Regulation of Neurod1 Contributes to the Lineage Potential of Neurogenin3+ Endocrine Precursor Cells in the Pancreas
Figure 1
Neurod1 deletion in the pancreas progenitors, in an Nkx2.2 null background, phenocopies the Nkx2.2null;Neurod1null double knockout.

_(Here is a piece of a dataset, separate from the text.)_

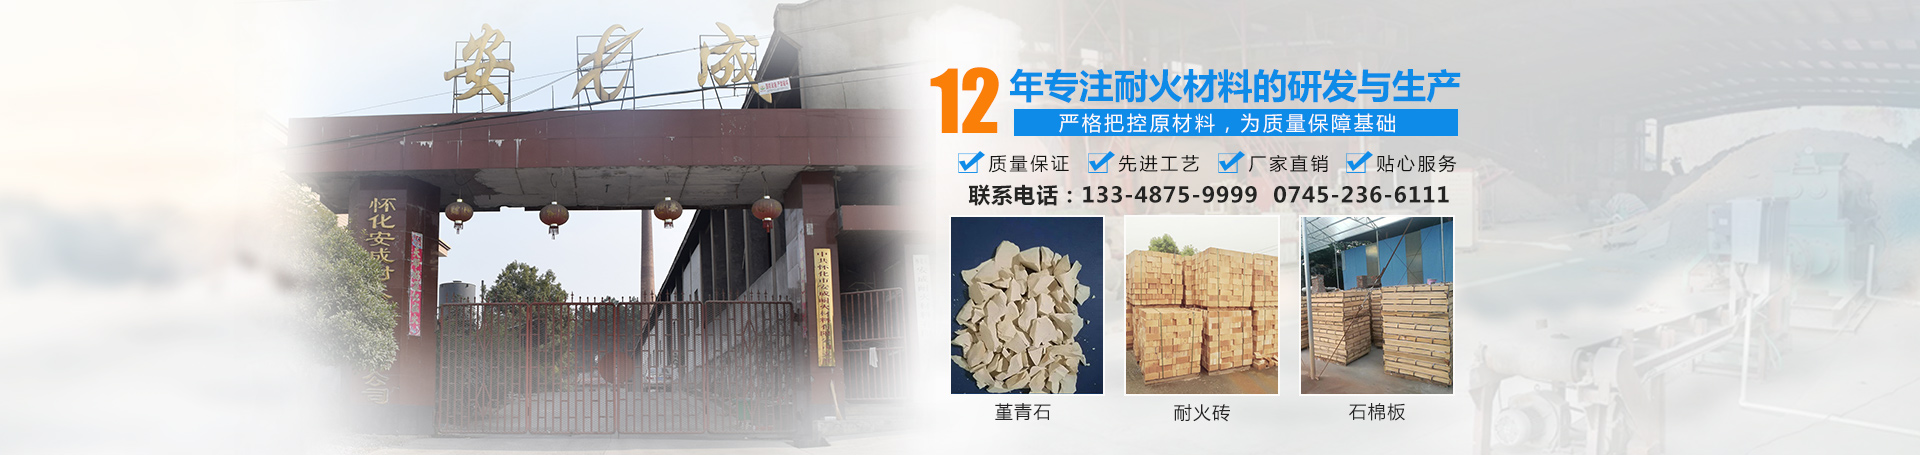 天博·（中国）|官方网站-TB SPORTS天博网站
_耐火砖|石棉板|怀化耐火材料哪里好

Pancreatic tissue from wildtype, Neurod1Δpanc, Nkx2.2null, and Nkx2.2null;Neurod1Δpanc was analyzed by immunofluorescence for expression of the islet hormones glucagon (gluc), ghrelin (ghr) and insulin (ins) at P0 (A–L; white bar indicates 50 microns; DAPI marks all nuclei). Amylase (amyl) expression marks exocrine tissue in all genotypes (A–D). The quantitative expression of glucagon (Gcg) (M), ghrelin (Ghr) (N), and pancreatic polypeptide (Ppy) (O), as well as deletion of Neurod1 (P) was determined by real time PCR using RNA extracted from wildtype, Neurod1Δpanc, Nkx2.2null, Nkx2.2null;Neurod1Δpanc, and Nkx2.2null;Neurod1null pancreas (P0; N = 3–8). Relative mRNA expression was normalized to the housekeeping gene, cyclophilinB. Data are represented as mean+/−SEM. * p<0.05; ** p<0.01; *** p<0.001.